The UAE is rapidly advancing in digital finance and offers licenses equivalent to the European EMI regime. We
support clients from selecting the right license category (such as Stored Value Facilities or Retail Payment
Services) to submitting the application to the Central Bank of the UAE and launching operations. Our mission
is to ensure a fast and secure market entry, while reducing bureaucracy and building partner trust.
Obtaining an EMI license in the UAE grants access to a growing fintech market.
Both full licenses and small-scale provider licenses are available.
The process involves company incorporation, documentation, and filing with CBUAE.
Costs depend on the scope of services and capital requirements.

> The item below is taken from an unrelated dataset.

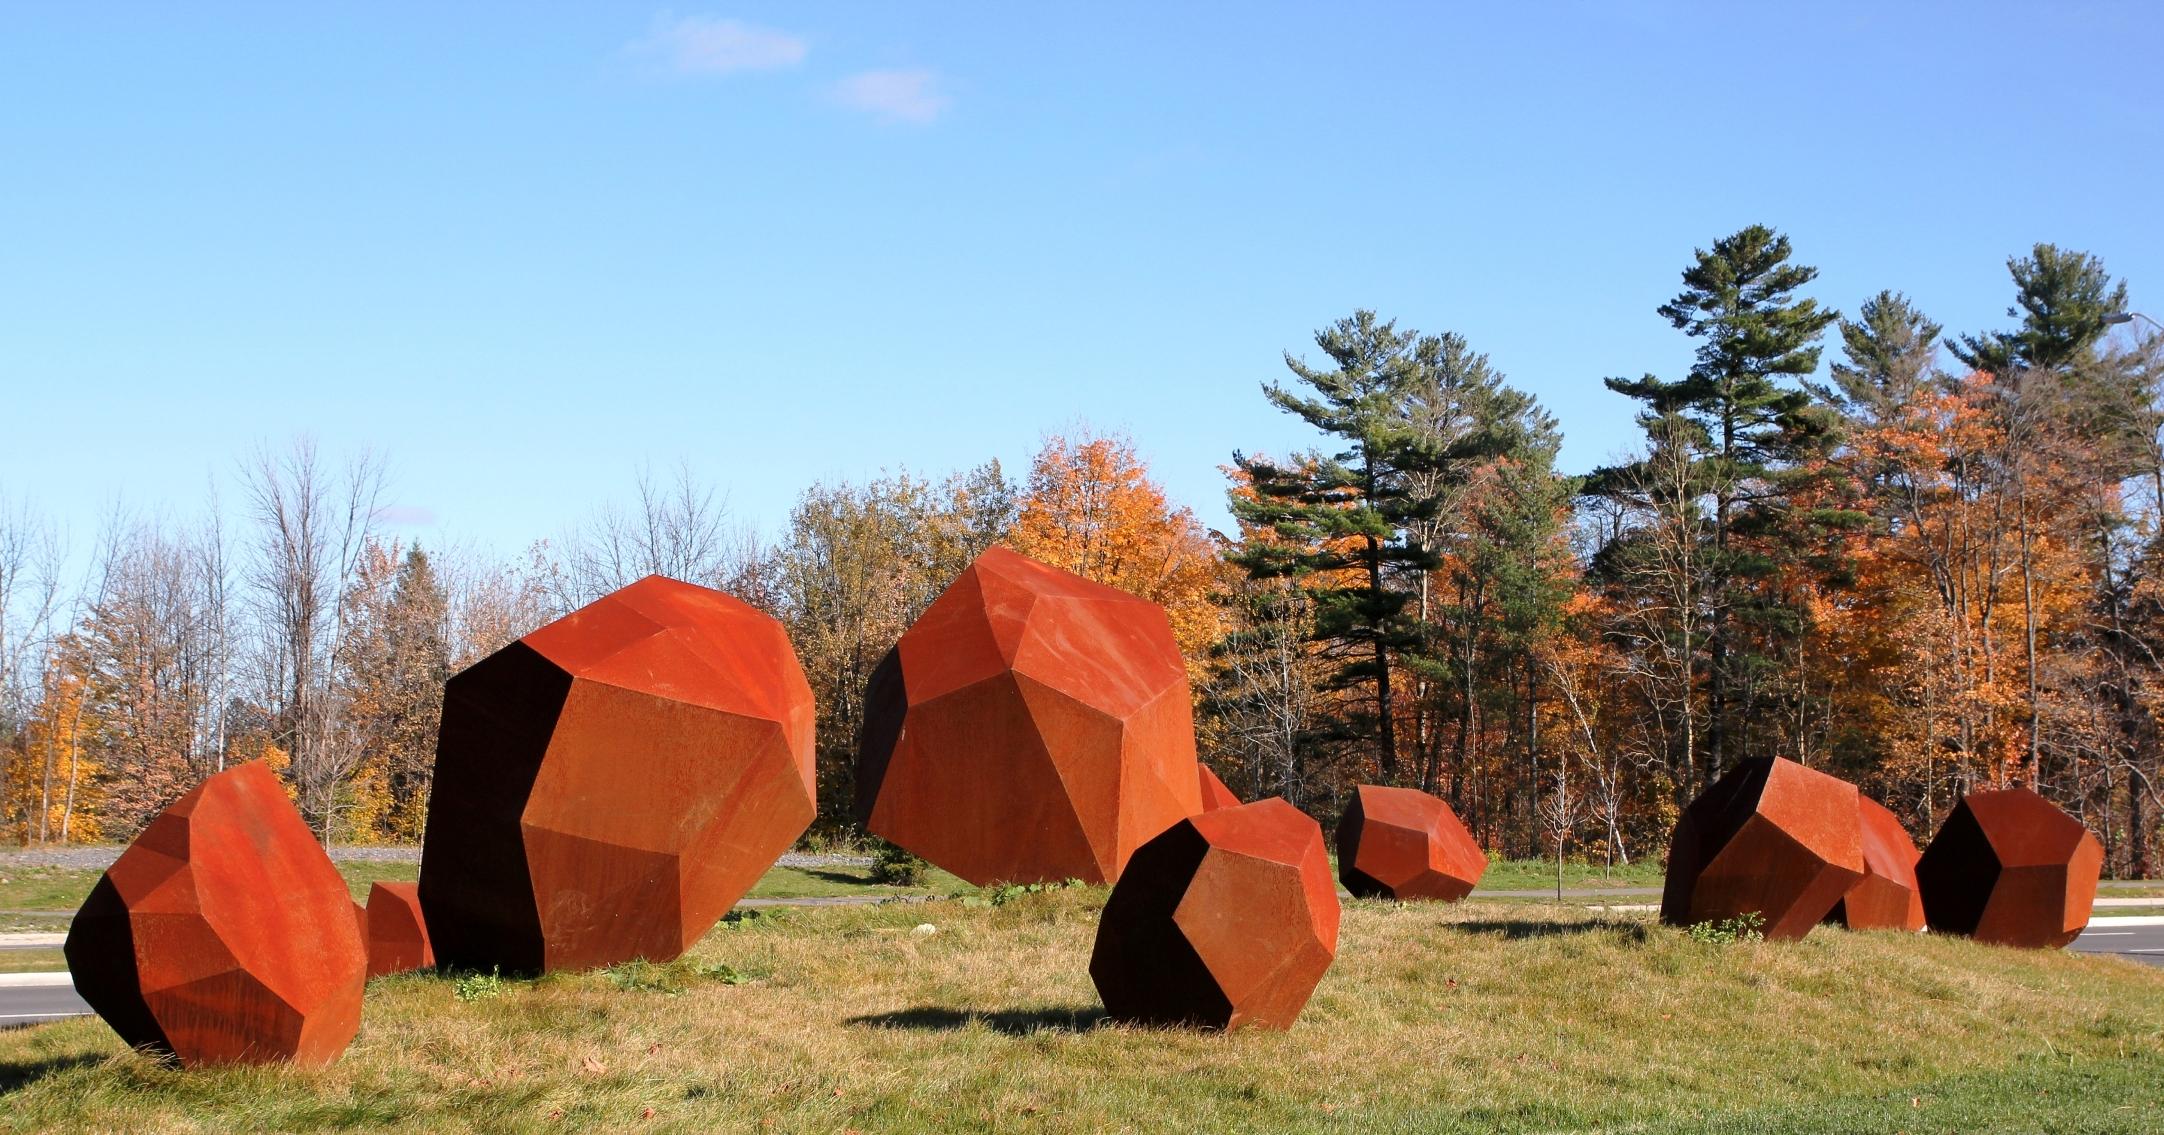 Sculpture by Shayne Dark

The license increases credibility with banks and clients.
The activities equivalent to EMI in the UAE are regulated by the Central Bank of the UAE (CBUAE) under the
Stored Value Facilities Regulation and the Retail Payment Services and Card Schemes Regulation. These
frameworks establish requirements for capital, operational resilience, IT security, and customer
protection.
Supervision is carried out by the Central Bank of the UAE (CBUAE).
The regulatory basis includes Stored Value Facilities and Retail Payment Services.
Minimum capital for major SVF providers starts at AED 50 million.
Companies must comply with AML/CFT and KYC standards.
All operations are subject to monitoring and reporting to CBUAE.
Types of EMI licenses in UAE
The UAE does not have a direct equivalent of the European EMI license, but the Central Bank has developed
several categories that perform similar functions. They differ in scope, services offered, and capital
requirements. The main regimes include Stored Value Facilities, Retail Payment Services & Card Schemes, and
licenses for money remittances and currency exchange, generally referred to as Money Services.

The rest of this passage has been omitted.